I´m expecting a snarling, fire-breathing monster of a bike, and as Misano´s long, decreasing-radius left-hander gradually unwinds I discover that the Cagiva can certainly be that. I´ve ridden down Misano´s back straight many times on a variety of fast roadbikes. Now I discover that those bikes weren´t really fast, and that on a factory 500, Misano doesn´t have a back straight. So violent is the C593´s acceleration out of the last, 100mph-plus left-hand kink that almost instantly the bike is approaching the next tight turn at warp speed, and it´s time to get back on the brakes.

So I grab the lever and flick down a few gears, and the Cagiva sheds speed with amazing rapidity, tracking through the second-gear left-hander with marvellous stability and control despite my ragged approach and extreme caution with the throttle. For the first few laps I´m barely conscious of the handling; the bike simply goes where it´s pointed, steering easily, gripping surely, remaining stable despite my often less-than-smooth manoeuvring.

It´s supremely and surprisingly easy to ride reasonably fast, thanks partly to the wonderfully refined nature of the big-bang motor. Before the 1992 season, factory 500s were peaky beasts whose power came in with a rush. Even the non-big-bang Yamaha motor used by privateers last season is far less tractable than a modern factory V4 like the 593, which pulls as strongly and smoothly from 4000rpm as most roadbikes.

Considerably more smoothly than many, in fact. At a shade over 130kg, the C593 is barely heavier than Cagiva´s sweet-handling Mito 125 race-replica roadster. As well as being far more tractable than the 125, the 500 has a much stiffer frame, plus infinitely more sophisticated suspension and brakes. Provided the throttle was never opened far, a relative motorcycling novice could circulate Misano all day dreaming of dicing with Schwantz and Doohan.
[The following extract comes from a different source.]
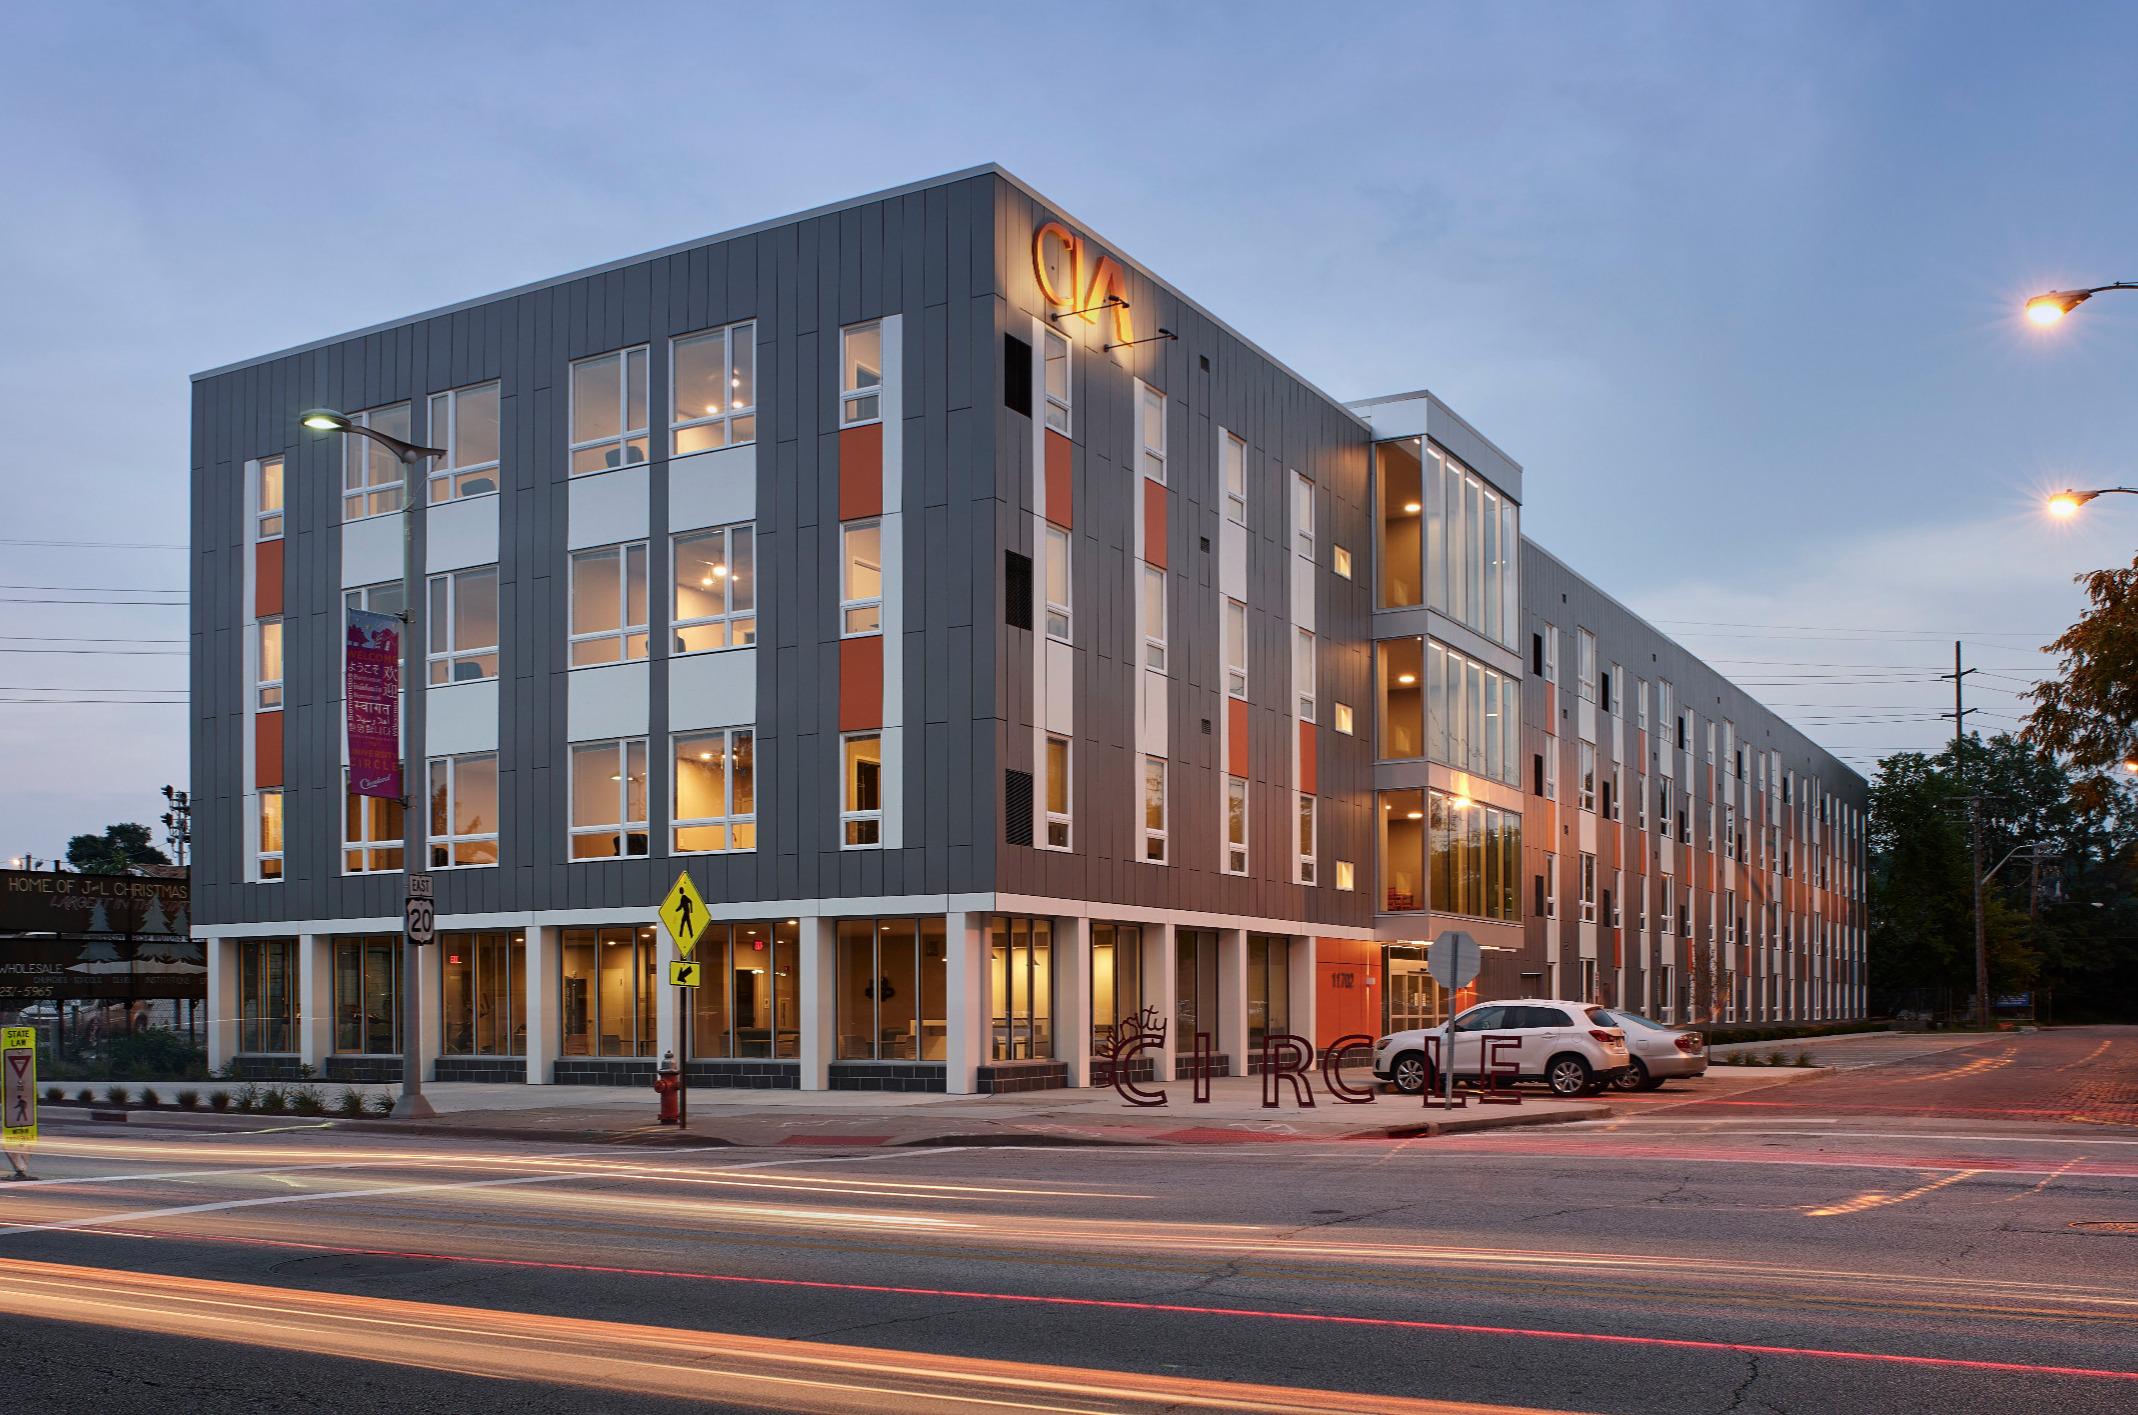 Clevaland Insttute of Art Housing
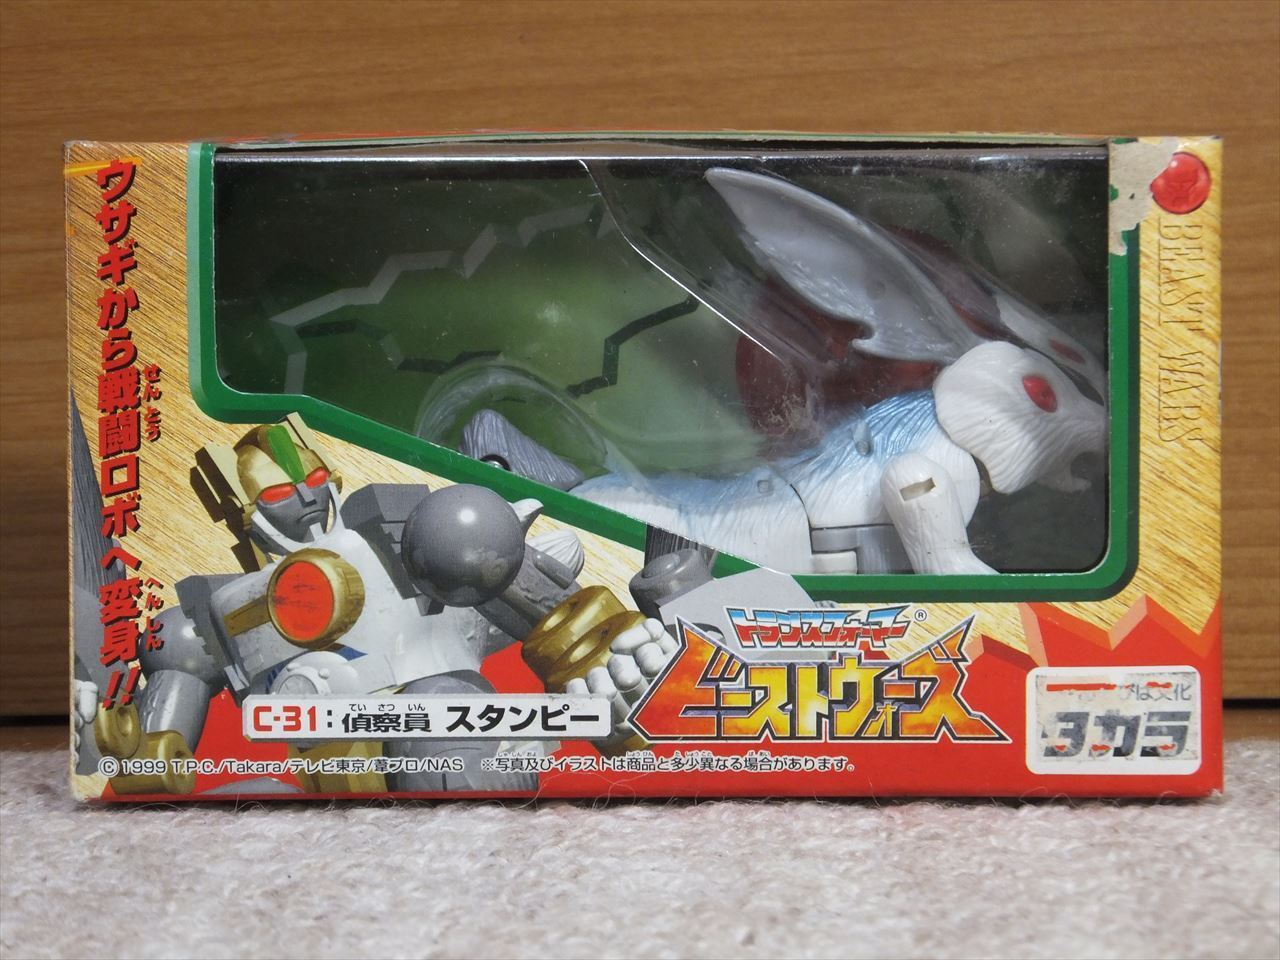 Transformers Beast Wars TAKARA C-31 C-31 C-31 CYBERTRON STAMPY rare 2b4e04

The reality, as my brief burst of last-bend heroics illustrated so vividly, is very different indeed. Mentioning that the C593 is over five times as powerful as an unrestricted Mito doesn´t sound so outrageous if you say it quickly. But its phenomenal blend of poise and power-to-weight ratio ensures that this tiny racebike accelerates, stops and turns with a speed way beyond the nerve and reflexes of even most expert riders. Treat it right, and on a good day it would be the fastest thing on two wheels around this racetrack. One false move, and it would flick you into the trackside dust in a flash.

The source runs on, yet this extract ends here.